Scientists at a local conservation group have received a grant to study a growing form of residential sprawl.

Heidi Kretser and Michale Glennon are scientists at the Wildlife Conservation Society in Saranac Lake. They recently won a $350,000 grant from the National Science Foundation to study "exurban development."

The scientists describe exurban development as large-lot development that occurs in rural landscapes around cities, suburbs and other settled areas.

Heidi Kretser says exurban sprawl is quietly transforming rural landscapes.

"While on the face of it, exurban development appears relatively benign - a seasonal camp in a river valley here, a retirement home in the woods there - cumulatively it's changing our landscape ten times faster than urban and suburban sprawl combined," she said.

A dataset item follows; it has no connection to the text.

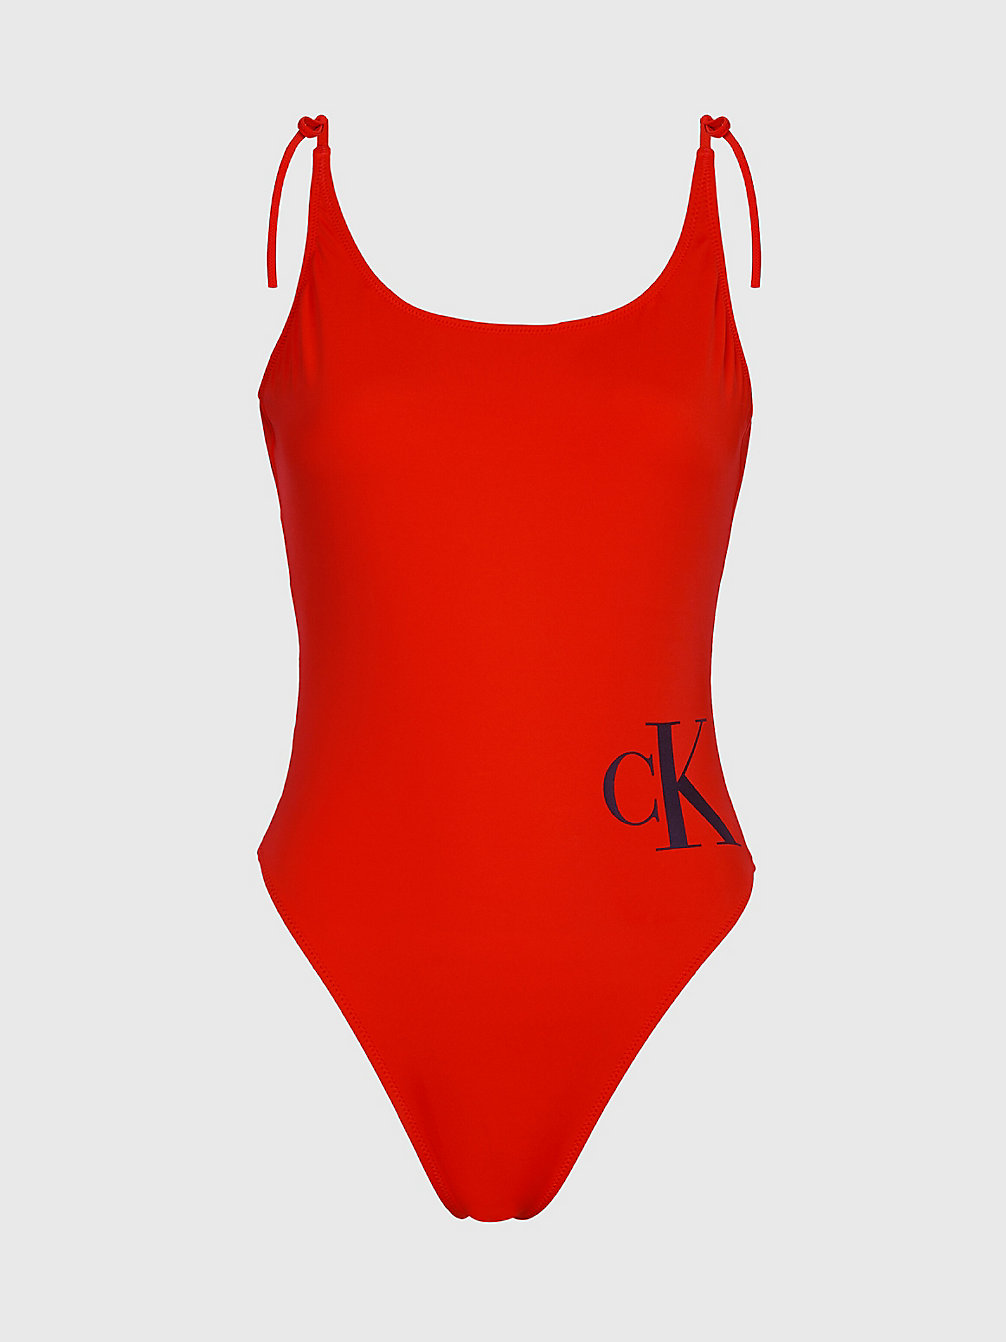 CAJUN RED > Zestaw Prezentowy Ze Strojem Kąpielowym, Opaską Na Głowę I Ręcznikiem > undefined Kobiety - Calvin Klein

The project idea builds upon the results of earlier studies on exurban impacts to wildlife in the Adirondacks and Yellowstone.

The study considers the effects of exurban sprawl on wildlife and ecosystems - something Kretser says is critical to informing the decisions of land use planners.

Michale Glennon says research has shown that common species such as robins and blue jays can adapt to residential surroundings, but that species with more specialized habitat requirements, such as wood warblers, tend to be found less frequently.

"We want to find out if these changes in the bird community result from structural changes to the habitat," Glennon added.

Ultimately, the scientists hope to develop strategies for protecting wildlife in human dominated landscapes.